- Try it -
Every line of the data below is to be given again as it appears, with the images removed.

┌─ Data block

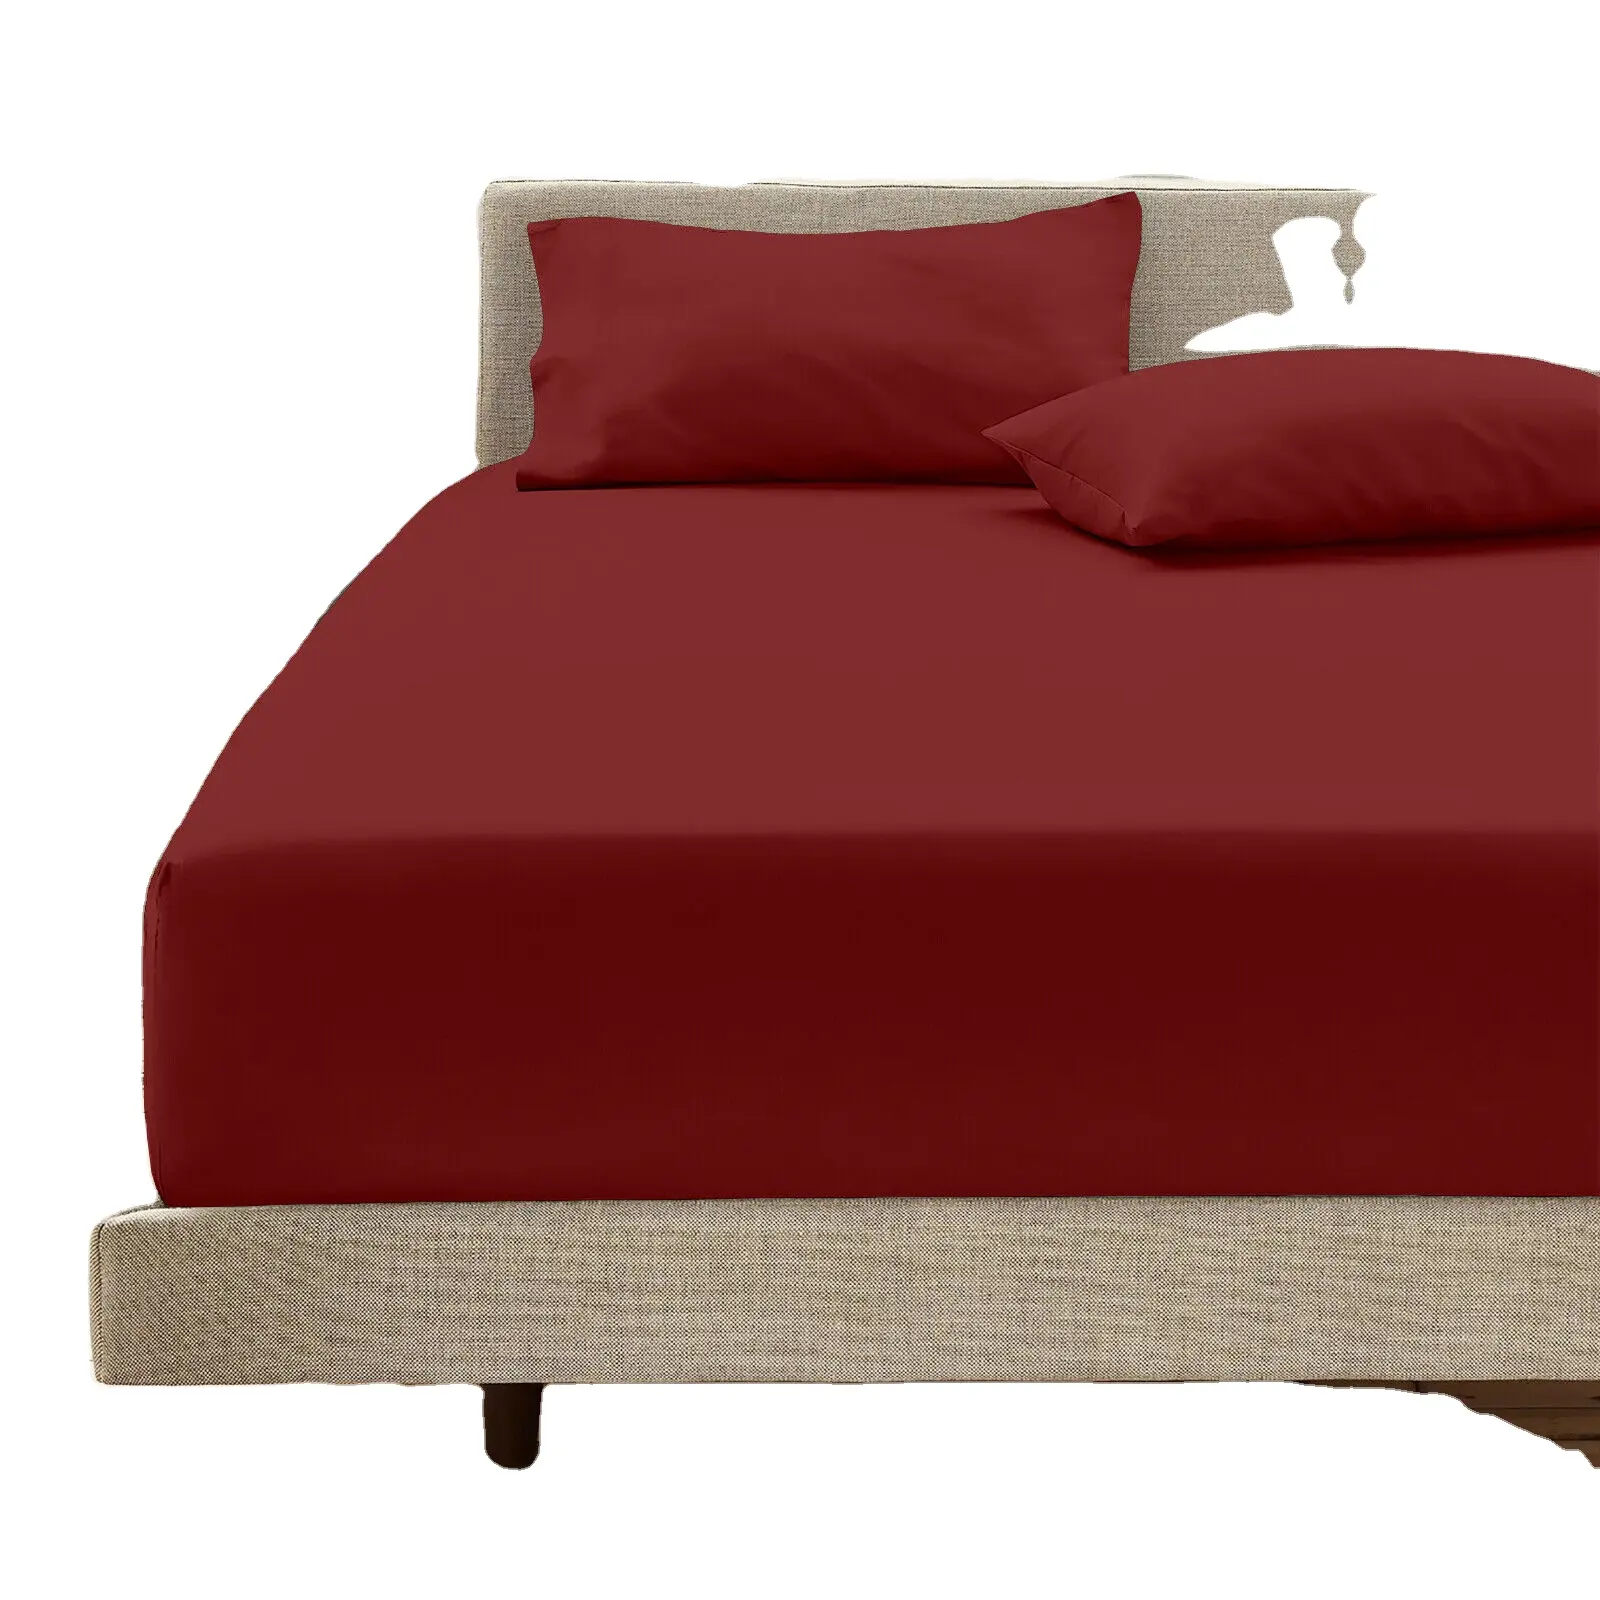 ชุดผ้าปูที่นอนน้ำหนักเบาสำหรับใช้ในบ้านโรงแรม2023 OEM ออกแบบโลโก้ได้ตามต้องการ
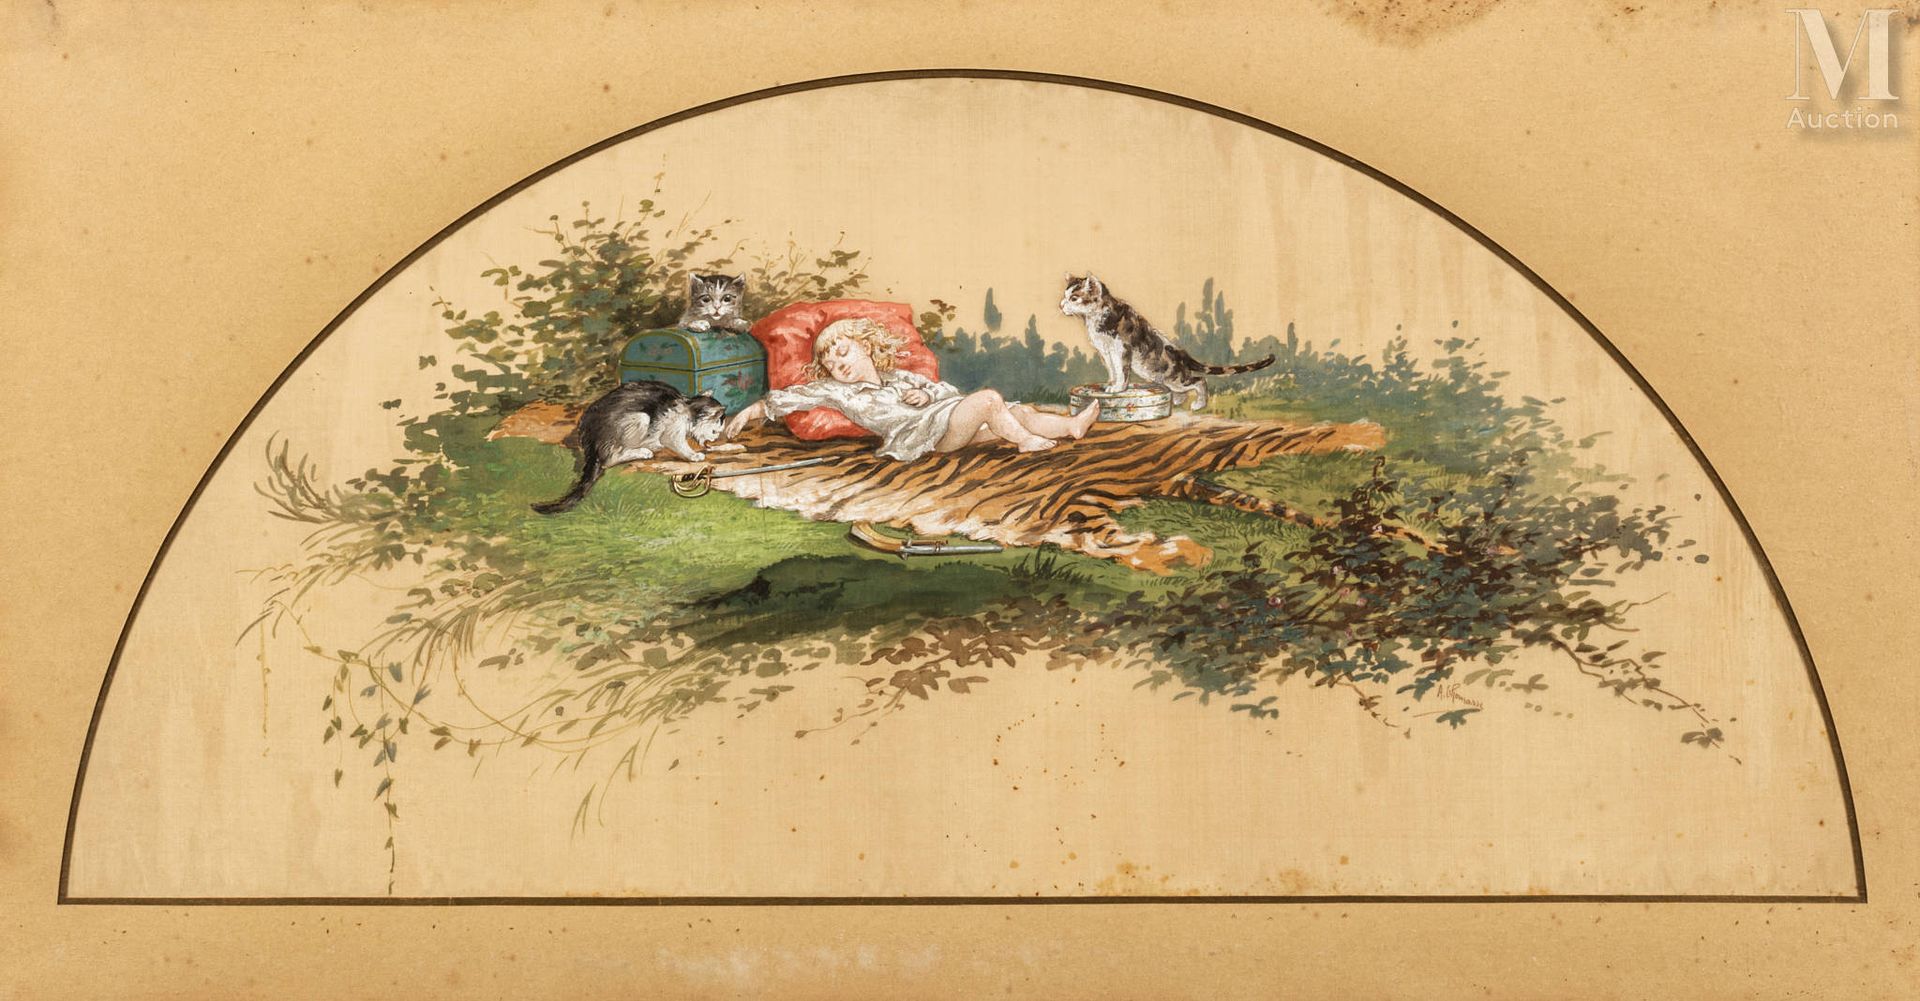 D'après Adolphe THOMASSE Jeune fille endormie au chat sur une peau de tigre.

Pr&hellip;

└─

- Problem solution -
 ชุดผ้าปูที่นอนน้ำหนักเบาสำหรับใช้ในบ้านโรงแรม2023 OEM ออกแบบโลโก้ได้ตามต้องการ
 D'après Adolphe THOMASSE Jeune fille endormie au chat sur une peau de tigre.

Pr&hellip;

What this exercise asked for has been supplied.